• [DATA EXTRACT]:
◇ ◇ ◇

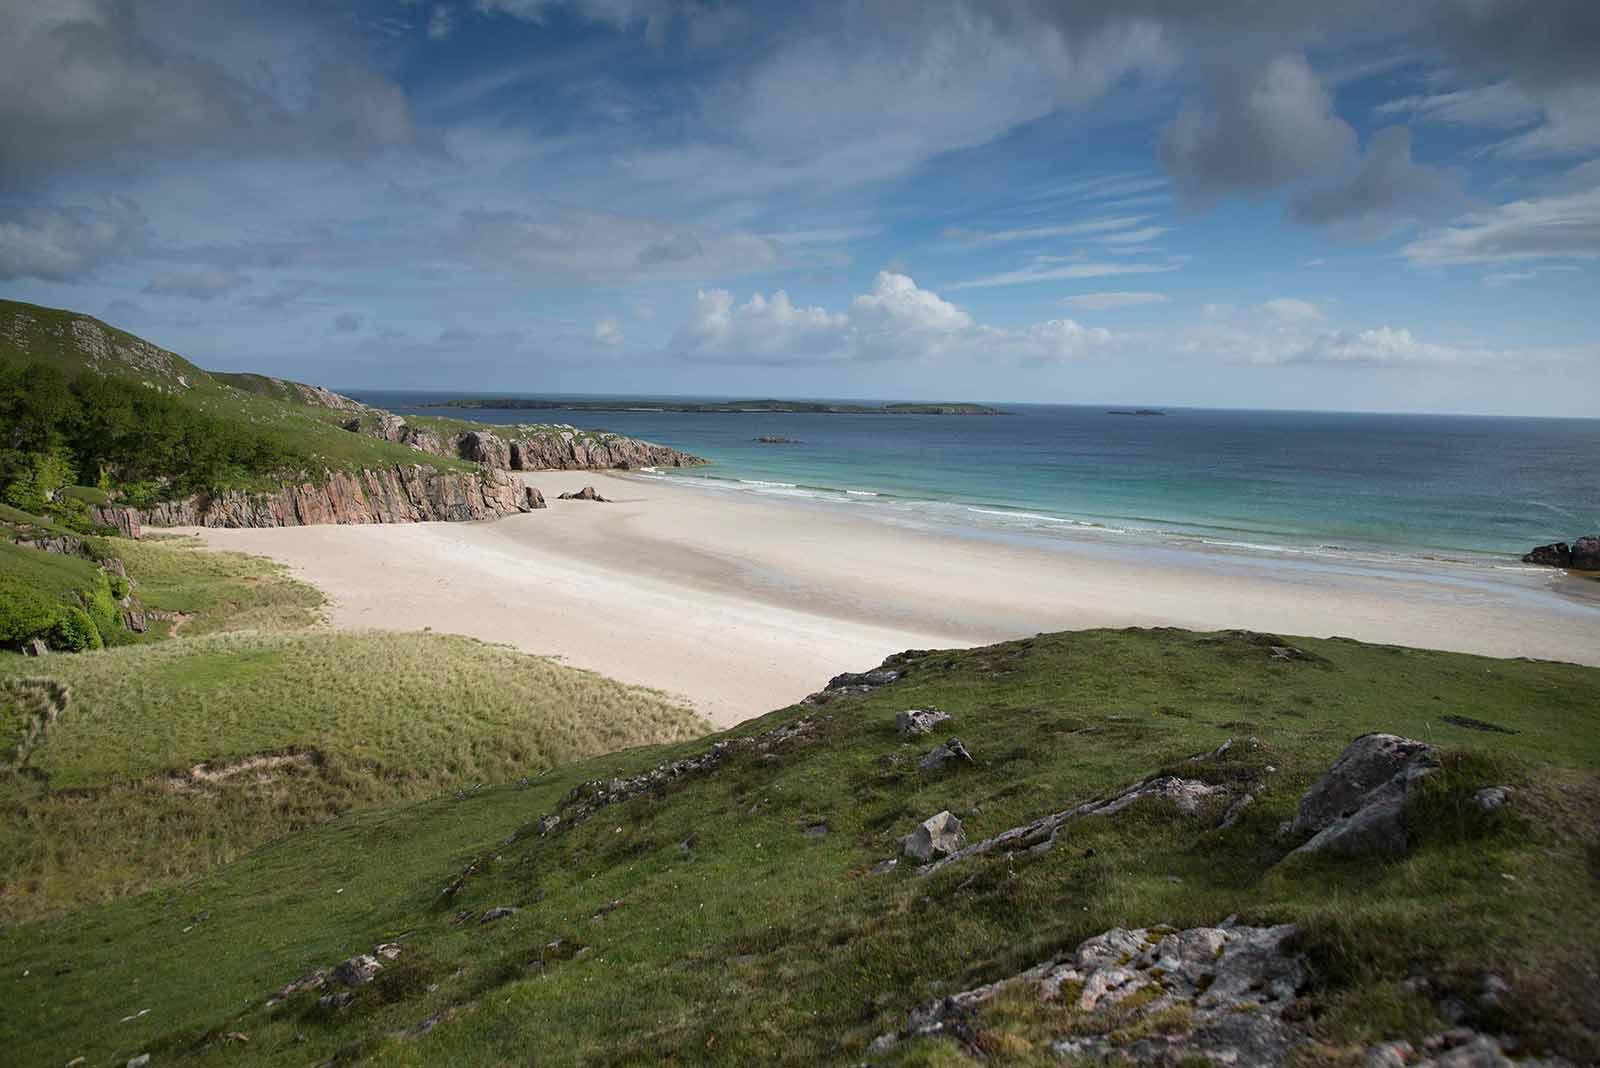 North Coast 500, Highland Beach, Caithness, Scotland the best, trout fishing, Balnakeil beach
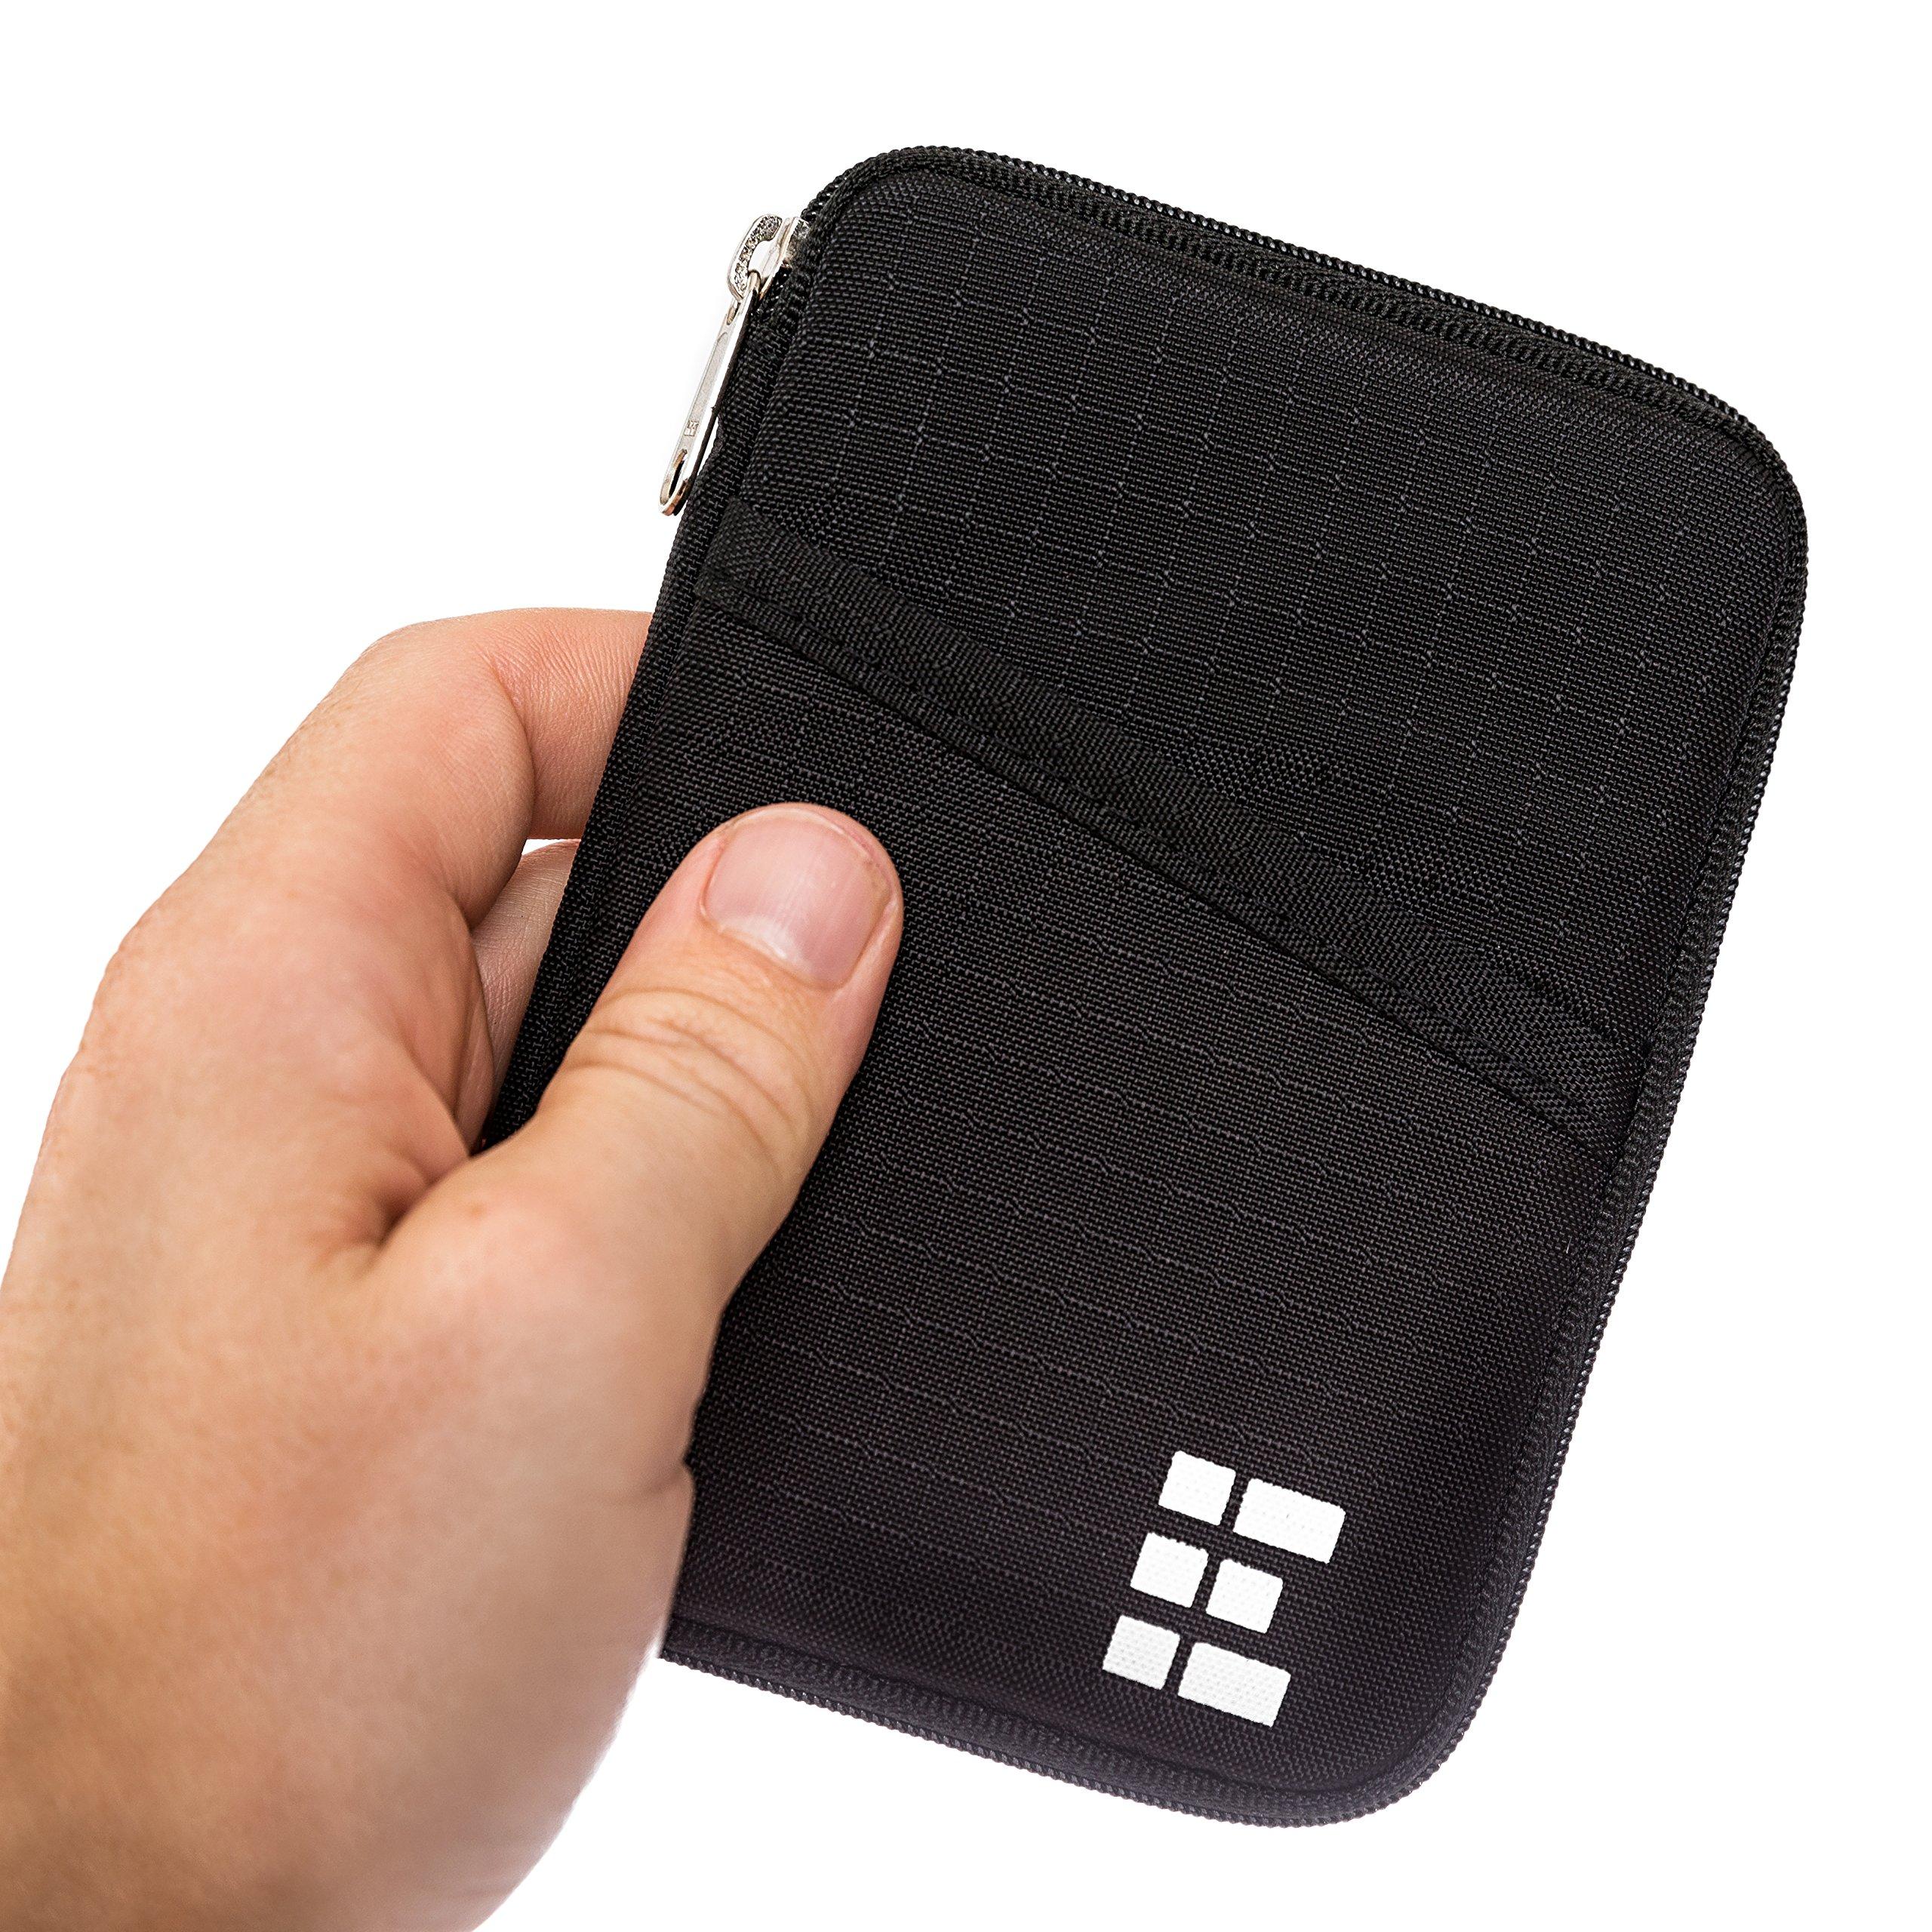 Cartera de Viaje Portadocumentos - Funda para Pasaporte - Organizador de Viajes con Bloqueo RFID product
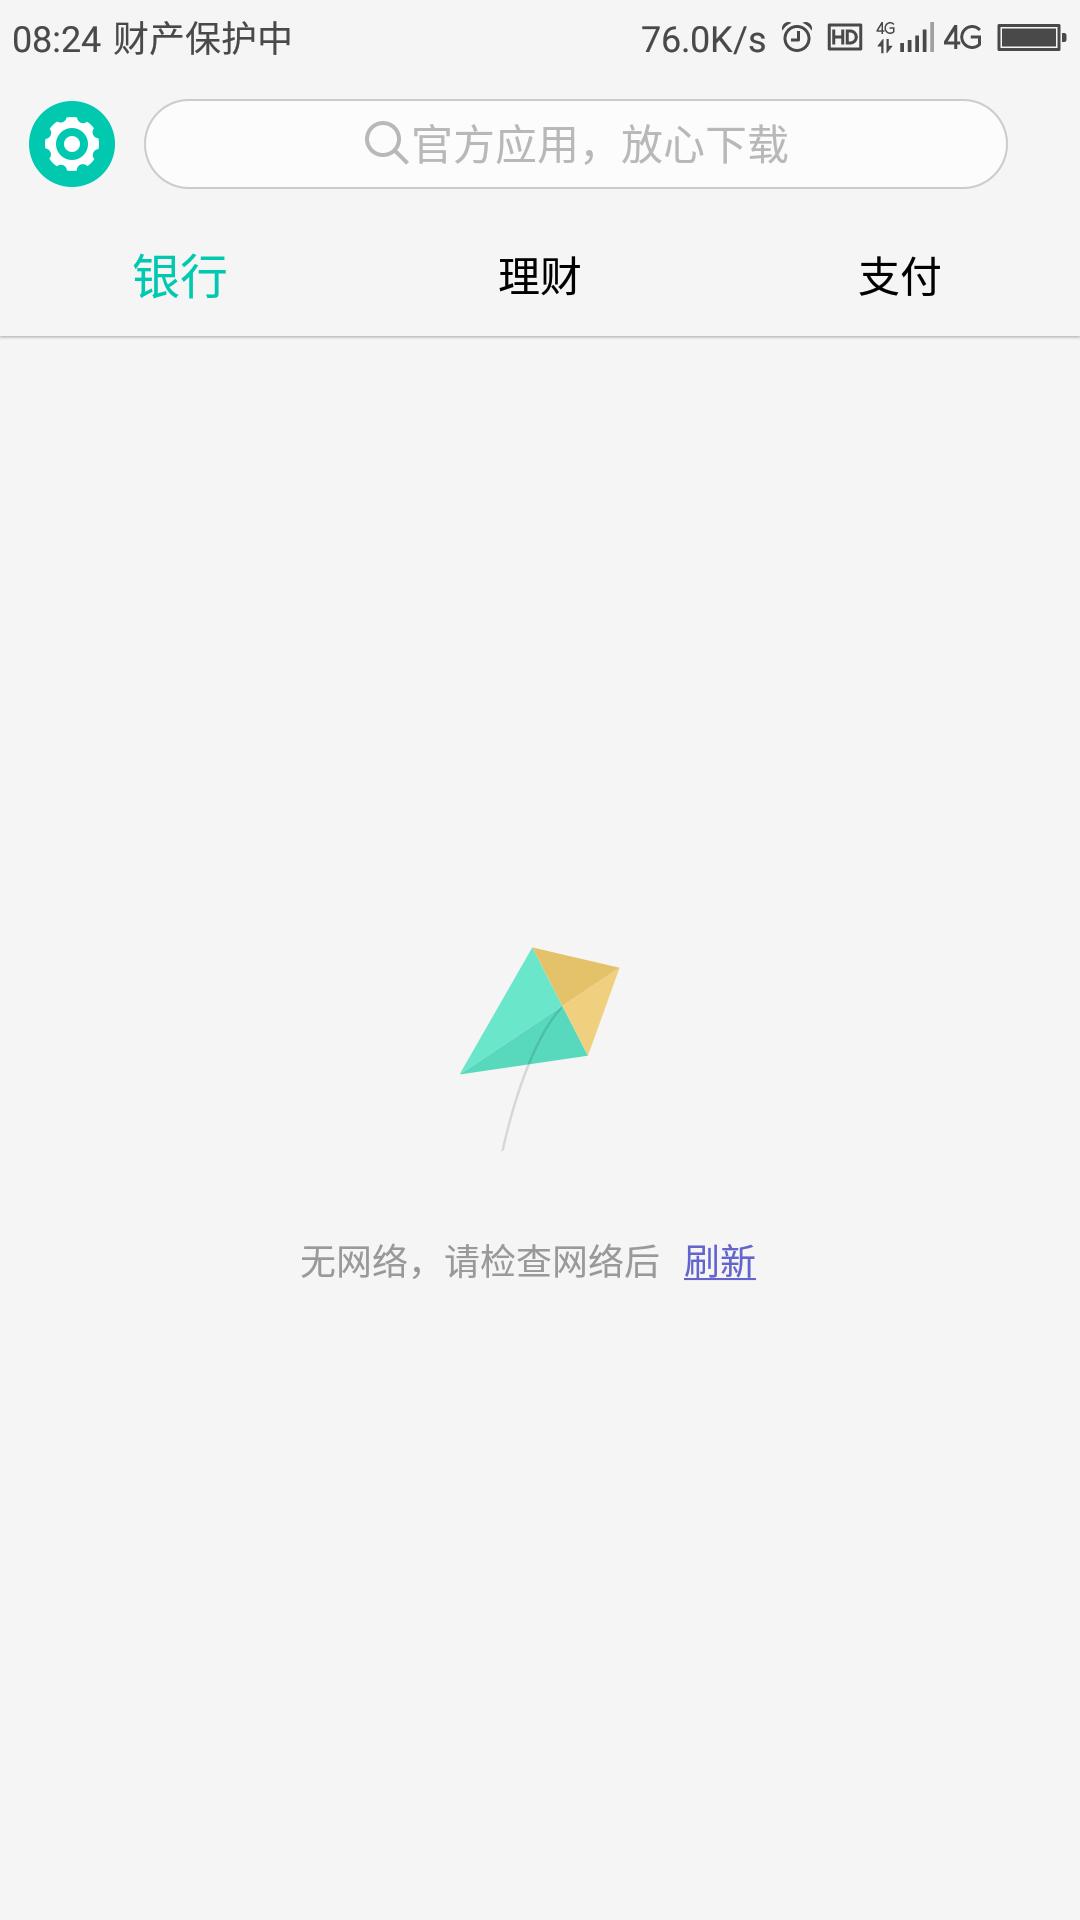 Screenshot_2018-10-27-08-24-19.png

◇ ◇ ◇

• [EXERCISE PROMPT]: What is needed is an exact reproduction of the data, pictures excluded.

• [WRITTEN RESPONSE]:
 North Coast 500, Highland Beach, Caithness, Scotland the best, trout fishing, Balnakeil beach
 Cartera de Viaje Portadocumentos - Funda para Pasaporte - Organizador de Viajes con Bloqueo RFID product
 Screenshot_2018-10-27-08-24-19.png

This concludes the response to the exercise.